In the dataset creation page, select the dataset type.

../../_images/create_a_dataset_3.png

Note

The Staging DB is an in-cluster database that stores data temporarily in order to facilitate data loading. Hive is generally used for it.

Create a dataset from a file

Create a dataset by opening the user’s local file or via a URI (upcoming feature).

  1. On the data type selection page, select My File.

  2. Select a file to be used as a data source from your local PC. You can click the Import button to select a file, or drag and drop the file into the box. Once a file is selected, click Next.

    ../../_images/create_a_dataset_of_file_1.png
  3. Check the grid of the uploaded file, and designate a column delimiter. Proceed if the data is successfully displayed.

    ../../_images/create_a_dataset_of_file_2.png
  4. Enter the Name and Description of the dataset, and click the Done button.

    ../../_images/create_a_dataset_of_file_3.png
  5. Once the dataset is created, the dataset list is displayed. You can check that the list contains the newly created dataset.

    ../../_images/create_a_dataset_of_file_4.png

Create a dataset from a database

Create a dataset using external database access information and queries.

To create a dataset from a database, you should first create a data connection. See Create a data connection for a detailed procedure.

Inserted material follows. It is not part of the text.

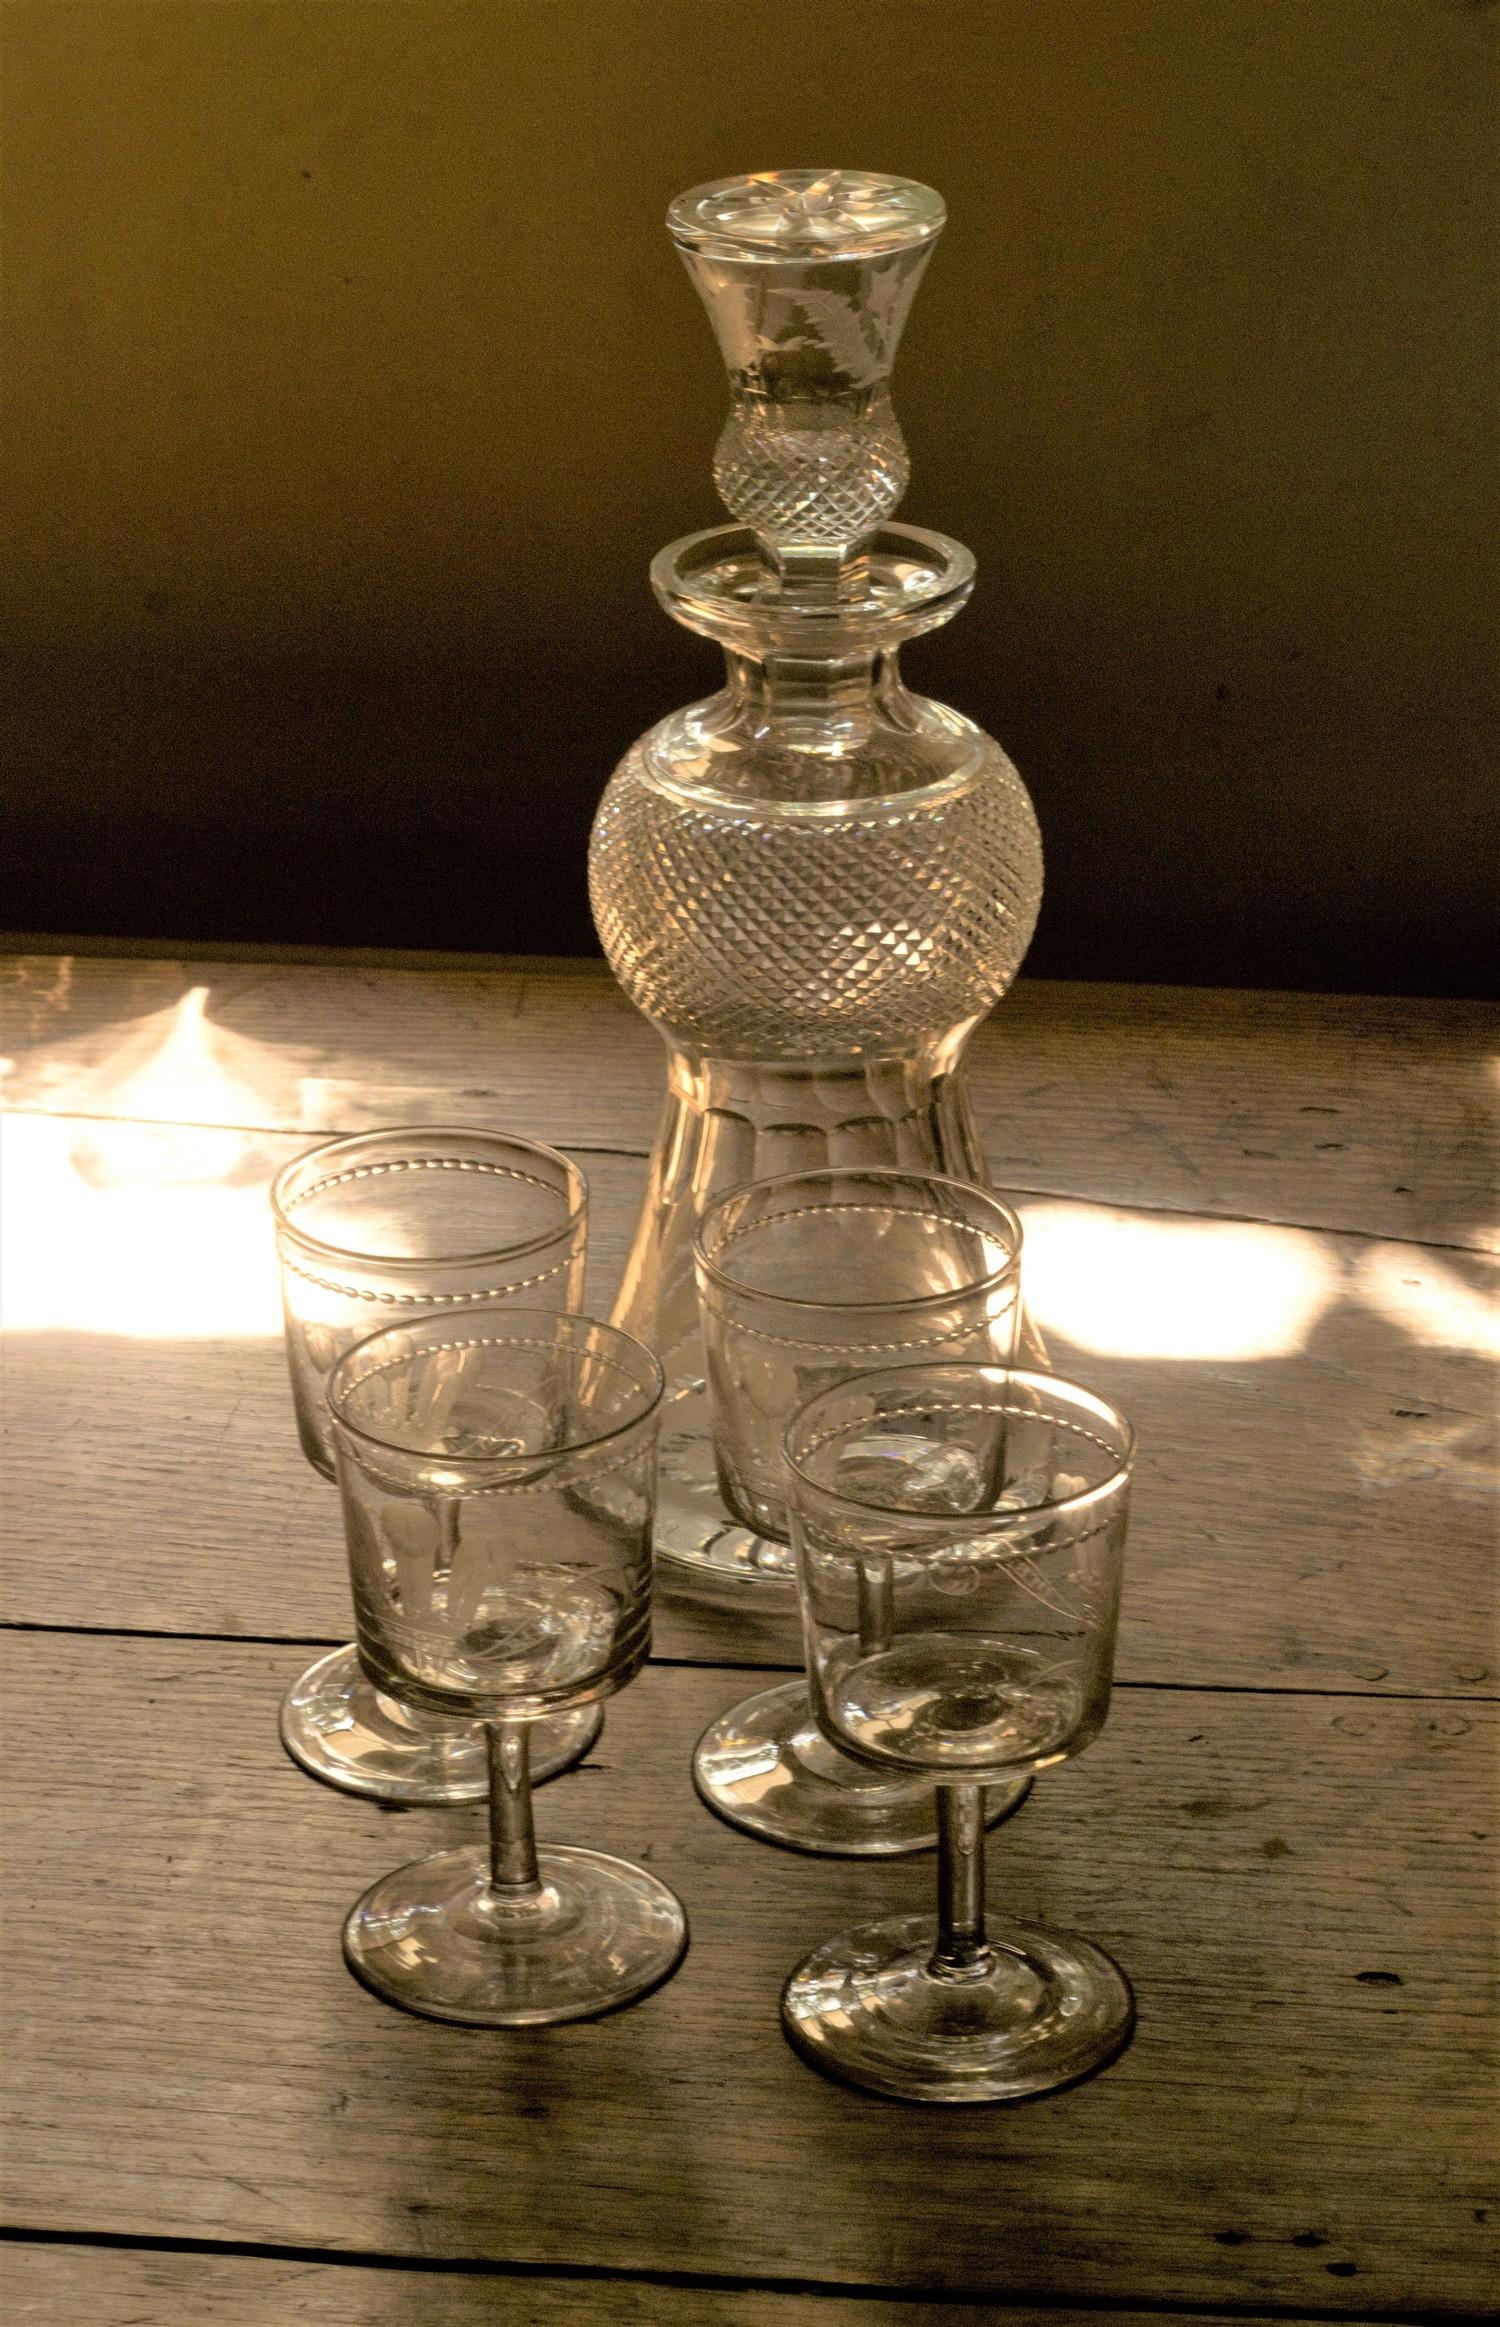 Scottish thistle form decanter engraved with thistles, height 30 cm, and four wine glasses

../../_images/create_a_dataset_of_database_1.png

After establishing the data connection, go to MANAGEMENT > Data Preparation > Dataset > + Generate new dataset.

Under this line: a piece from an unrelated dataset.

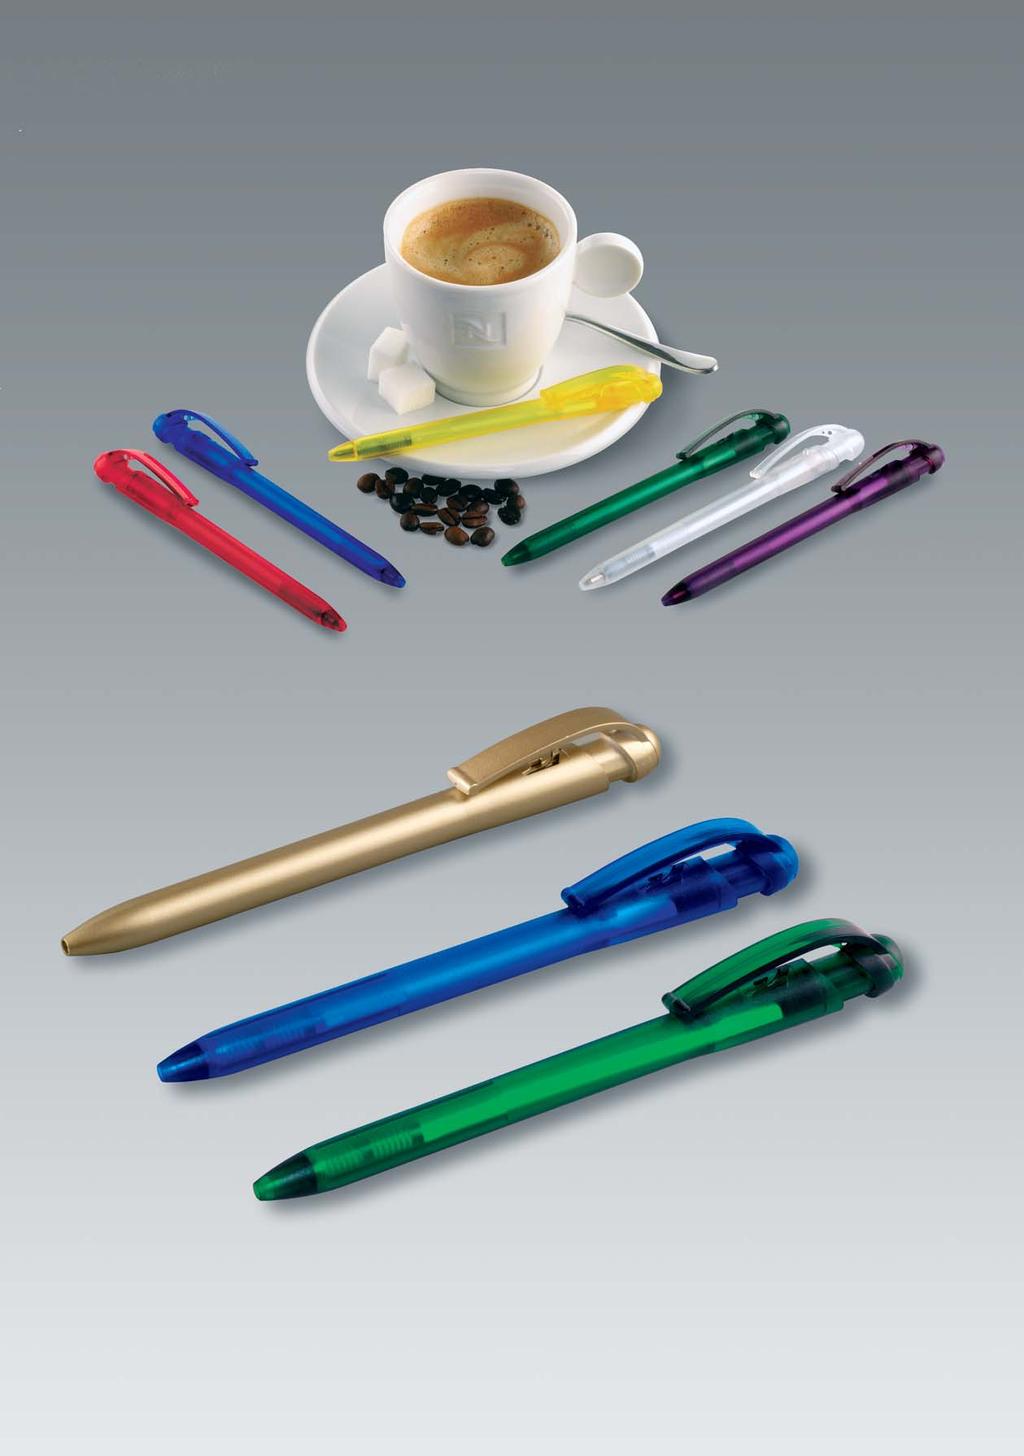 Article 113 gold: ball pen LUIGI gold colored X20 plastic refill, blue ink Article

  1. On the data type selection page, select Database.

  2. Select the data connection, and press the Test button to check that the connection is valid.

    ../../_images/create_a_dataset_of_database_2.png
  3. Select the data. You can either select a table from the connected database, or write a query yourself.

    ../../_images/create_a_dataset_of_database_3.png
    • Table: Select a database and a table to display the table’s data. Once the data being ingested has been displayed, confirm the data and click Next.

    • Query: Write a query to import the data you want, and click Run to display the data in the lower section. Confirm the data and click Next.

  4. Enter the Name and Description of the dataset, and click the Done button.

    ../../_images/create_a_dataset_of_database_5.png
  5. Once the dataset is created, the dataset list is displayed. You can check that the list contains the newly created dataset.

    ../../_images/create_a_dataset_of_database_6.png

Create a dataset from staging DB

Create a dataset from the staging DB built in Metatron.

The creation of a staging DB dataset is the same as dataset creation from a database, but does not involve the selection of a data connection.

  1. On the data type selection page, select Staging DB.

  2. Select the data. You can either select a table from the connected database, or write a query yourself.

    ../../_images/create_a_dataset_of_stagingdb_1.png
    • Table: Select a database and a table to display the table’s data. Once the data being ingested has been displayed, confirm the data and click Next.

    • Query: Write a query to import the data you want, and click Run to display the data in the lower section. Confirm the data and click Next.

  3. Enter the Name and Description of the dataset, and click the Done button.

    ../../_images/create_a_dataset_of_stagingdb_3.png
  4. Once the dataset is created, the dataset list is displayed. You can check that the list contains the newly created dataset.

    ../../_images/create_a_dataset_of_stagingdb_4.png